The first 6 will be worth 5 points each, and short; the remaining 6 will be worth 10 points each, and longer.
Below I have produced a list of some problems I consider short and long; to make a practice final, select 6 of each type at random.
Short problems will involve stating definitions or theorems, or making one- or two-sentence arguments.
Some examples:
- Define {open, closed, compact, continuous, uniformly continuous, differentiable at $x_0$, separates points, vanishes nowhere, Cauchy sequence, uniformly convergent, pointwise convergent, monotonically increasing sequence, montonically increasing function, least upper bound property, least upper bound, greatest lower bound, complete, limit point, interior point, $\displaystyle\lim_{x\to\infty}f(x)$, $\displaystyle\lim_{x\to-\infty}f(x)$, $\displaystyle\lim_{x\to x_0} f(x) = \infty$, $\displaystyle\lim_{x\to x_0}f(x) = -\infty$, partition, ...}.
- State the three properties a function $d: M\times M \to \R_{\geq0}$ must satisfy to be a metric.
- State the three properties a relation $\sim$ on a set $B$ must satisfy to be an equivalence relation.
- State the three properties a relation $\prec$ on a set $B$ must satisfy to be an order.
- State the {mean value theorem, extreme value theorem for real-valued functions, intermediate value theorem for real-valued functions, Heine-Borel theorem, monotone convergence theorem, sequential characterisation of a limit, sequential characterisation of continuity, Stone's theorem, Stone-Weierstrass theorem, ...}.
- Does there exist a continuous onto function $f: [0, 1] \to \R$? Provide an example or explain why no example exists.
- The algebra $\mathcal{C}([0, 1]) = \set{f : [0, 1] \to \R \mid f \text{ is continuous}}$ is not a field.
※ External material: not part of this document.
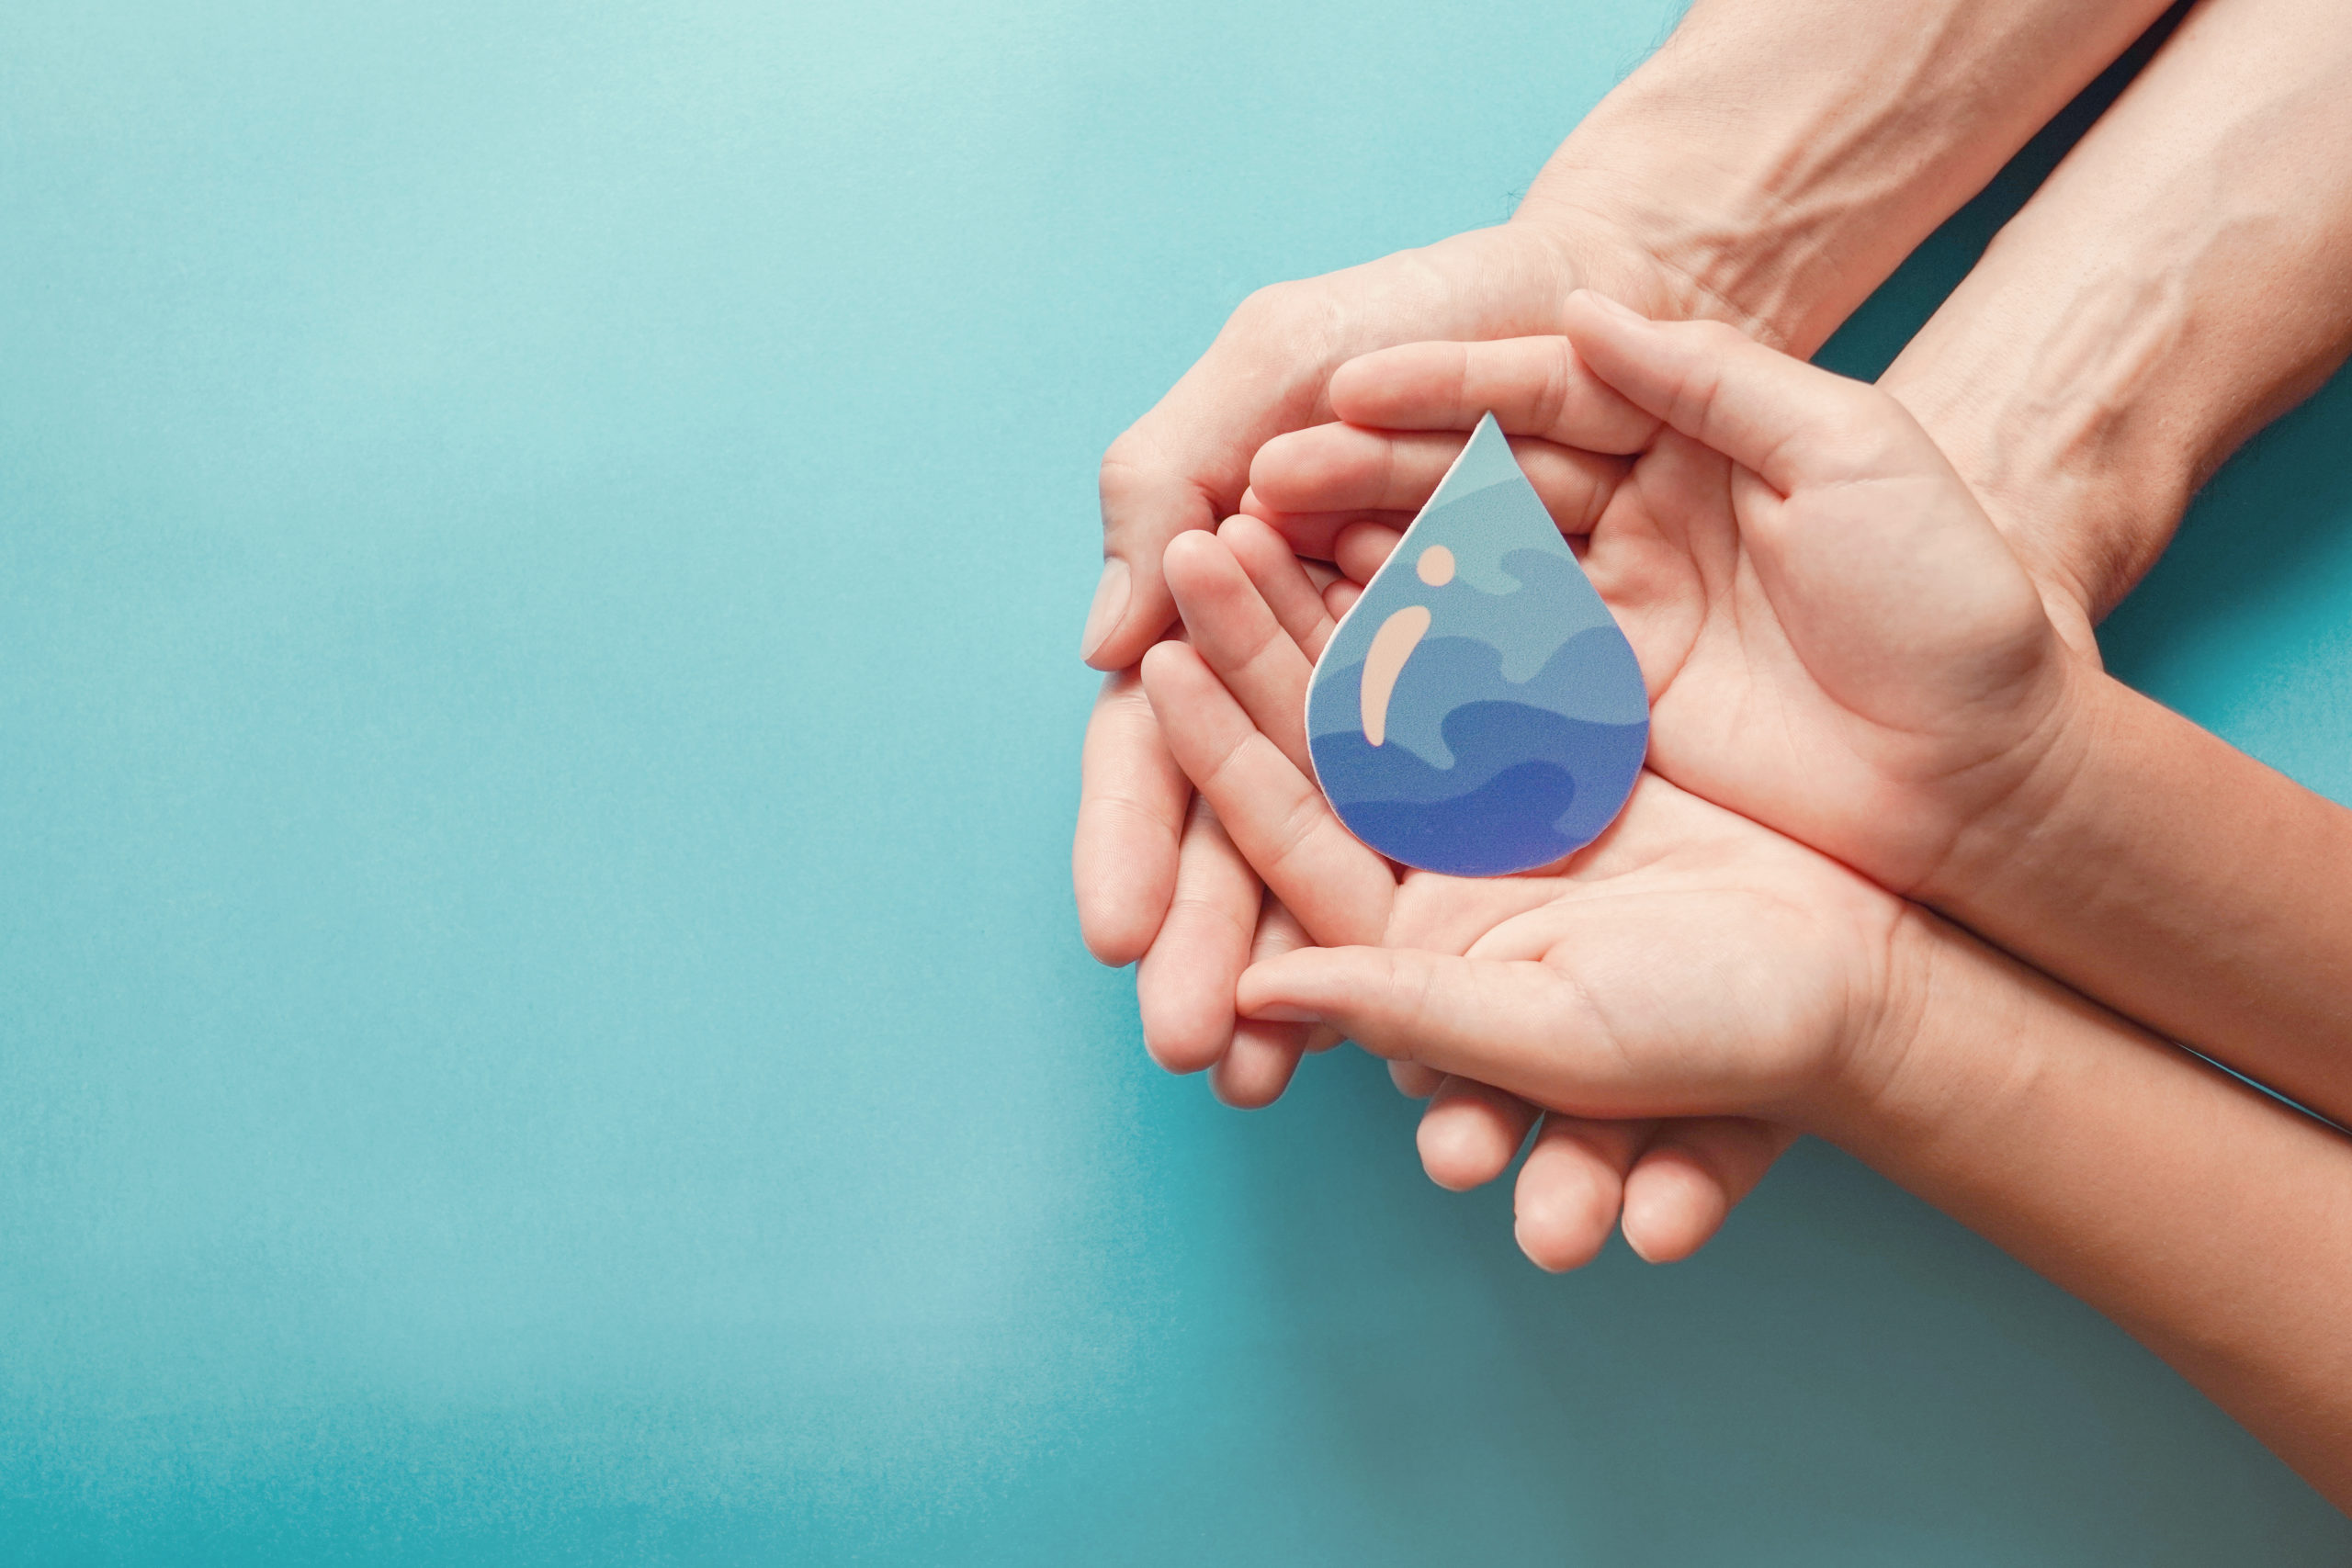 Día Mundial del Agua: ¿cómo salvar el tesoro más grande que nos queda?

State at least one of the properties of fields which it fails to satisfy.
- Describe all continuous functions from $\R$ to $\Z$. Justify briefly.
- Let $S$ be a set and $d_{\text{discrete}}$ the discrete metric on $S$: that is, $d_{\text{discrete}}(x, y) = 1$ whenever $x \neq y$.
Which subsets of $S$ are {closed, open, compact}? Justify briefly.
The remaining 6 will be worth 10 points each, and longer.
These will include proofs which have been presented in class or the homework, and thematically similar but new problems.
Below are several examples; some of these were rejected from the actual final for being too difficult, so the average difficulty of the questions below is likely slightly higher than what will appear on the final.
- [Insert any homework problem here.]
- Prove that if $S \subseteq \R$ is bounded above, then $\sup S \in \overline{S}$.
- Prove that the continuous image of a compact set is compact.
- Prove that the continuous image of a connected set is connected.
- Prove that compact sets are bounded.
- Prove that compact sets are closed.
- Prove the monotone convergence theorem: a monotonic sequence in $\R$ converges if and only if it is bounded.
- Prove that convergent sequences are bounded.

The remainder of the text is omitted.